Недоумевал он только, откуда органам советской власти стало так быстро известно его местопребывание и для чего его вызывают. Он предполагал, что, очевидно, в Приморской губернии происходит регистрация всех бывших офицеров, а так как партизаны знали о его существовании, то, по их сообщению, для этой цели вызывают и его. Яков надеялся, что после этой регистрации, может быть, и не сразу, ему будет дано разрешение на возвращение в Верхнеудинск.
Часа в два этого же дня Яков Матвеевич уже стоял перед дежурным военного комиссариата, здание которого разыскал с трудом. В селе пока ещё никто не знал, где находится это учреждение. Все предполагали, что оно, как и многие другие, начавшие открываться с приходом советской власти, разместилось где-то в казармах гарнизона. Однако, в какой именно, никто сказать не мог, а казарм этих в Шкотово было несколько десятков.
Узнав фамилию прибывшего, дежурный попросил его подождать, а сам отправился к военкому. Через несколько минут Алёшкин вошёл в кабинет военкома, если так можно было назвать огромную комнату казармы, из которой совсем недавно выбросили нары и в которой, кроме большого простого деревянного стола, стула, занятого военкомом, и скамейки, стоявшей перед столом, куда он предложил сесть Якову Матвеевичу, больше ничего не было.
Комиссаром оказался один из виденных ранее Алёшкиным партизанских командиров, некто Плещеев. Он был одет в новенькую красноармейскую форму: длинную светло-зелёную гимнастёрку с отложным воротником, с четырьмя красными суконными галунами, застёжками, пересекавшими грудь гимнастёрки, и с большими карманами, находившимися на её подоле. На широком ремне, опоясывавшем комиссара, висела кобура с револьвером, на ногах у него были хромовые сапоги, в которые заправлялись синие суконные брюки-галифе. На столе лежала странная шапка, немного походившая на суконную покрышку, надевавшуюся немцами поверх касок, и в то же время – на какой-то старинный богатырский шлем. Над суконным козырьком шлема (так он и назывался) была пришита большая красная звезда. На левом рукаве гимнастёрки комиссара, недалеко от обшлага, имелась нашивка, напоминавшая наконечник копья, по краям она была отделана красным кантом. В верхнем углу нашивки находилась небольшая красная звездочка, а ниже – её четыре красных квадратика.
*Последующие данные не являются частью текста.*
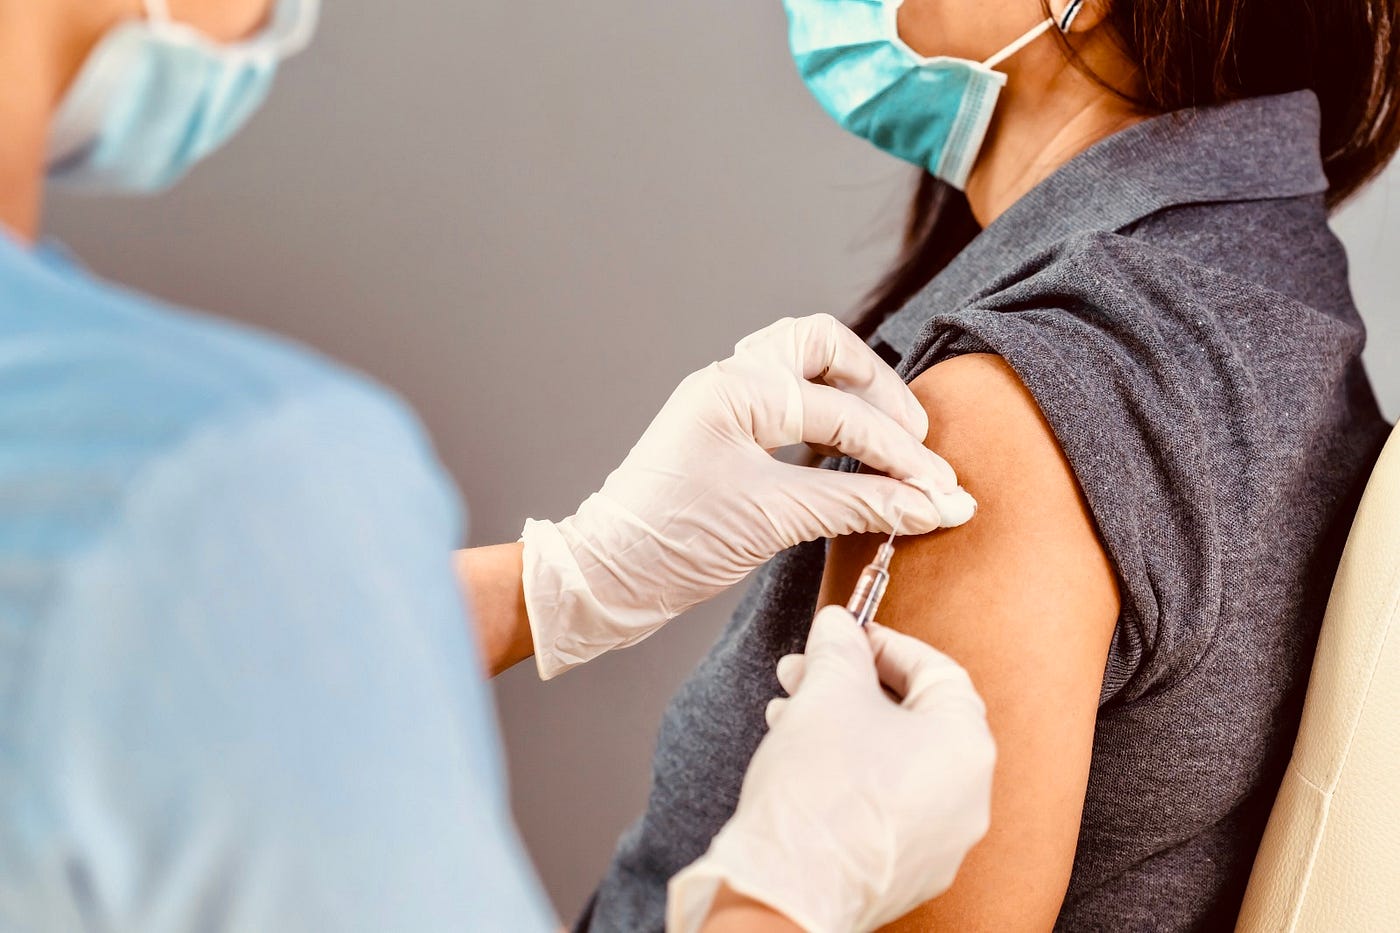 Sağlık Bakanlığı’ndan ‘ATS kaynaklı aşılarda tehlike’ iddialarına yalanlama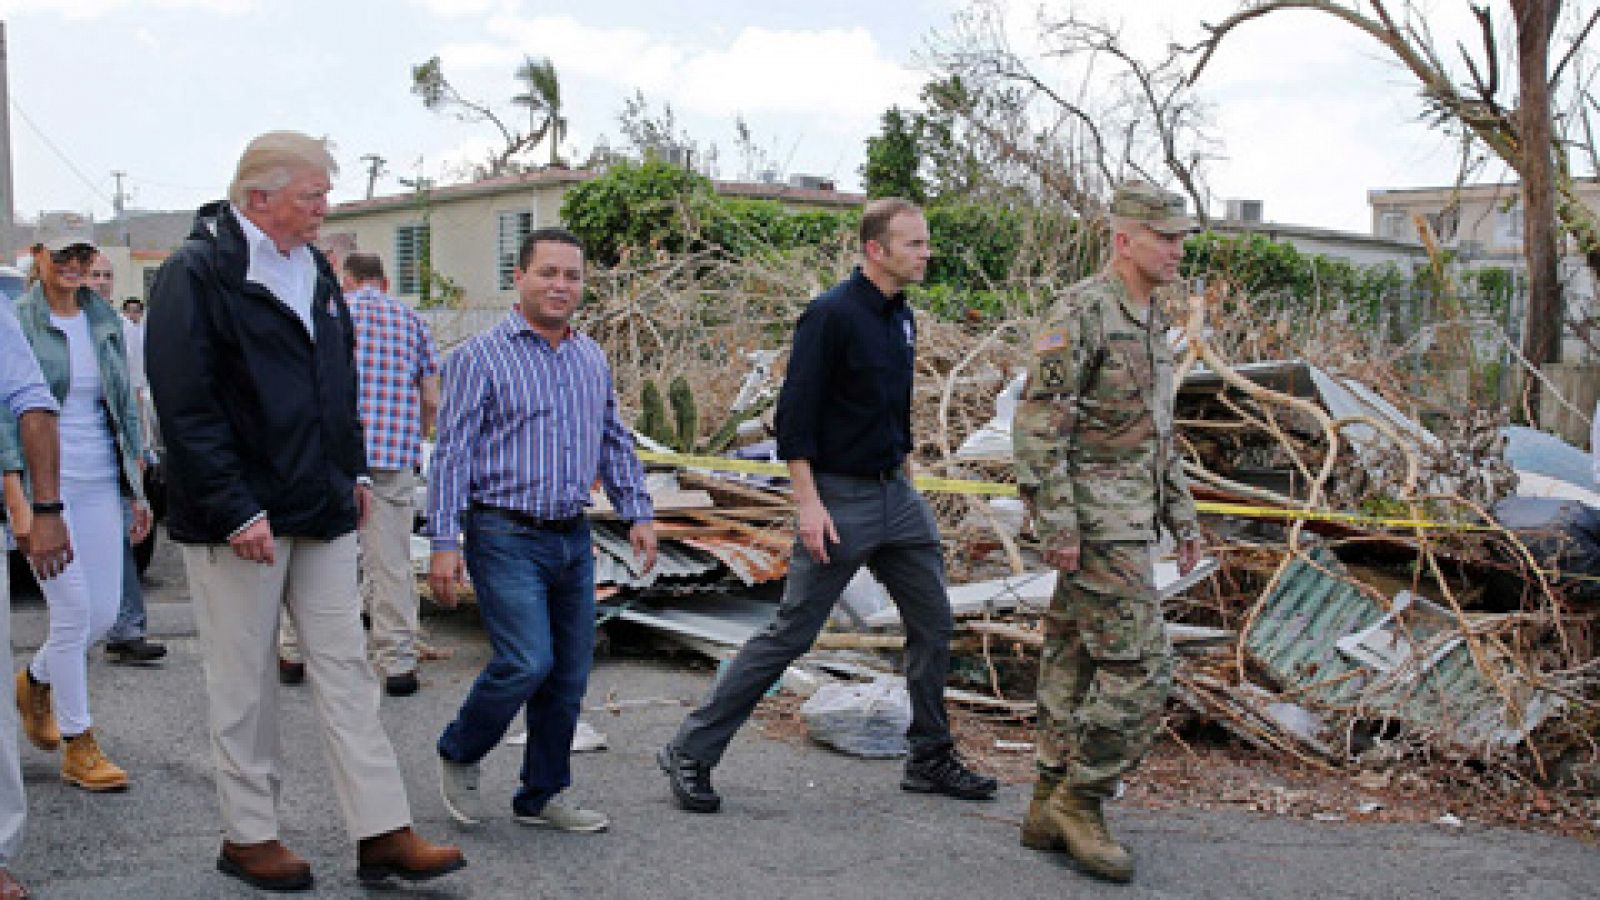 Trump dice que la emergencia en Puerto Rico "no es una catástrofe real" como fue el Katrina

Мы описали эту красноармейскую форму так подробно потому, что Яков Матвеевич видел её впервые, и она произвела на него большое впечатление. До сих пор у красных партизан он видел такие же гимнастерки, как и у царских солдат, такие же папахи и фуражки, с единственным отличием – красными ленточками на них. Многие же вообще были одеты кто во что горазд, в том числе даже в японскую военную форму.
Да, откровенно говоря, нам кажется, что и современные читатели плохо себе представляют ту военную форму, которую носили их прадеды.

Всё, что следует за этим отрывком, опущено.